Однажды Фестингер, его закадычный друг Стэн Шехтер, социальный психолог из Колумбийского университета, Гэри Линч, загадочный и энергичный молекулярный нейробиолог из Калифорнийского университета в Ирвайне, и я шагали по Кушадасам, городу на Турецкой ривьере, примечательному своими красочными базарами. Мы наткнулись на магазин изделий из кожи, где продавались сумки с двумя десятками застежек, так что можно было взять сумку обычного размера и свернуть ее до размера дамской, последовательно застегивая молнию за молнией. Стэнли заявил, что ничего прекраснее он в своей жизни не видел, и решил купить одну. Леону такая сумка, видимо, тоже понравилась, и он тоже подумывал купить себе ее. Он уже почти решился, как вдруг спросил: “Постой, а зачем и когда ее использовать-то?” Линч нашелся: “Это ж очевидно. Скажем, ты отправляешься в долгое путешествие с кучей одежды. И начинаешь постепенно выбрасывать грязные вещи, уменьшая размеры сумки. К концу путешествия у тебя остается миниатюрная сумочка, с которой ты и возвращаешься”. Это был один из тех сближающих моментов, что нечасто случаются на встрече Американской психологической ассоциации в Вашингтоне, где собирается более одиннадцати тысяч участников.

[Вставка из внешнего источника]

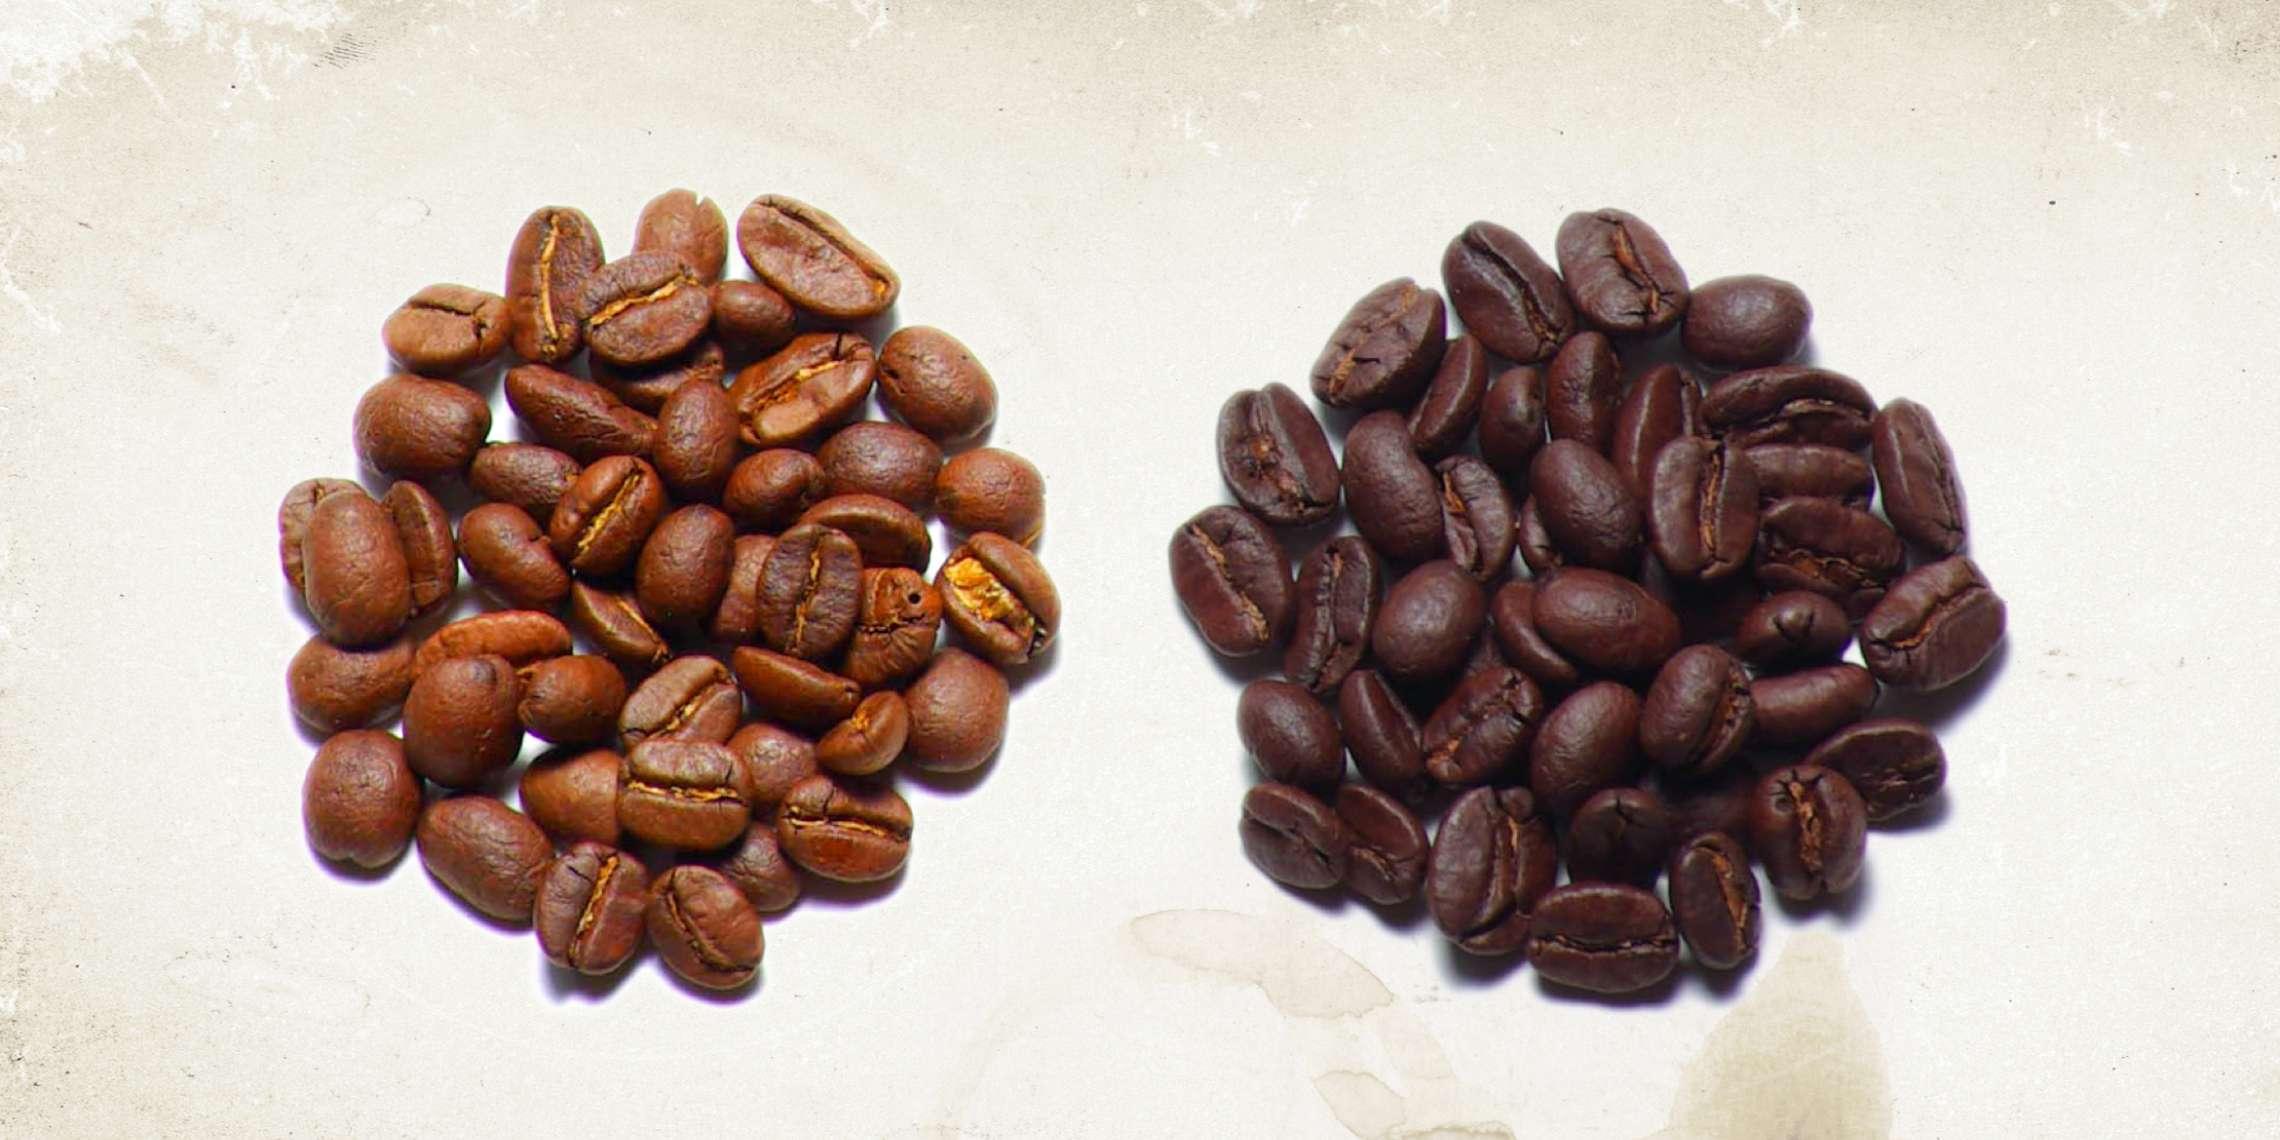 coffee beans vs espresso beans

Линч являл собой изумительное сочетание живого интеллекта, бесконечного любопытства и просто неприкрытого веселья. Он был завсегдатаем на наших первых встречах, поскольку обладал ценнейшим качеством – умел продраться через узкоспециальную лексику и добраться до ключевых идей. А еще он был остроумен. По пути в Кушадасы у меня была пересадка в лондонском аэропорту Хитроу на самолет Turkish Airlines в Измир. У того же выхода на посадку стоял Гэри, только что прилетевший из Лос-Анджелеса. Когда мы расположились на своих местах в ряду у крыла, Гэри повернулся ко мне и сказал: “Видел часть крыла с надписью «Не наступать»? Там вокруг нее сплошные следы от ботинок”. Впереди нас явно ждало новое приключение.

Мы провели целую серию незабываемых встреч, каждая из которых была посвящена прогрессивной научной теме, например нейробиологии памяти. Та встреча, кстати, получилась особенно запоминающейся. Она прошла на острове Муреа, поскольку я нашел фантастически выгодное предложение: путешествие из Лос-Анджелеса на Муреа и обратно с отелем всего за 770 долларов. Муреа расположен рядом с Таити, отель казался прелестным, на берегу моря, еда выглядела заманчиво. Так что я составил очередной список желаемых участников и подсел к телефону. “Привет, это Майк Газзанига. Мы организуем недельную конференцию на Муреа. Компенсируем тысячу долларов расходов. Хотите поехать?” Десять приглашений, десять моментальных “да!”, и все это за десять минут. Несколько месяцев спустя Фрэнсис Крик, Джеффри Хинтон, известный как “крестный отец нейронных сетей”, Кори Гудман, молекулярный нейрогенетик, Гэри Линч, Дэвид Олтон, эксперт по вопросам памяти, Данкан Люс, специалист по математической психологии, Херб Киллаки, эксперт по вопросам развития нервной системы, Айра Блэк, невролог и ученый-фундаментальщик, Гордон Шеперд, эксперт по нейронным сетям, и, конечно, мой верный соратник Леон жарились там под покачивающимися кокосовыми пальмами.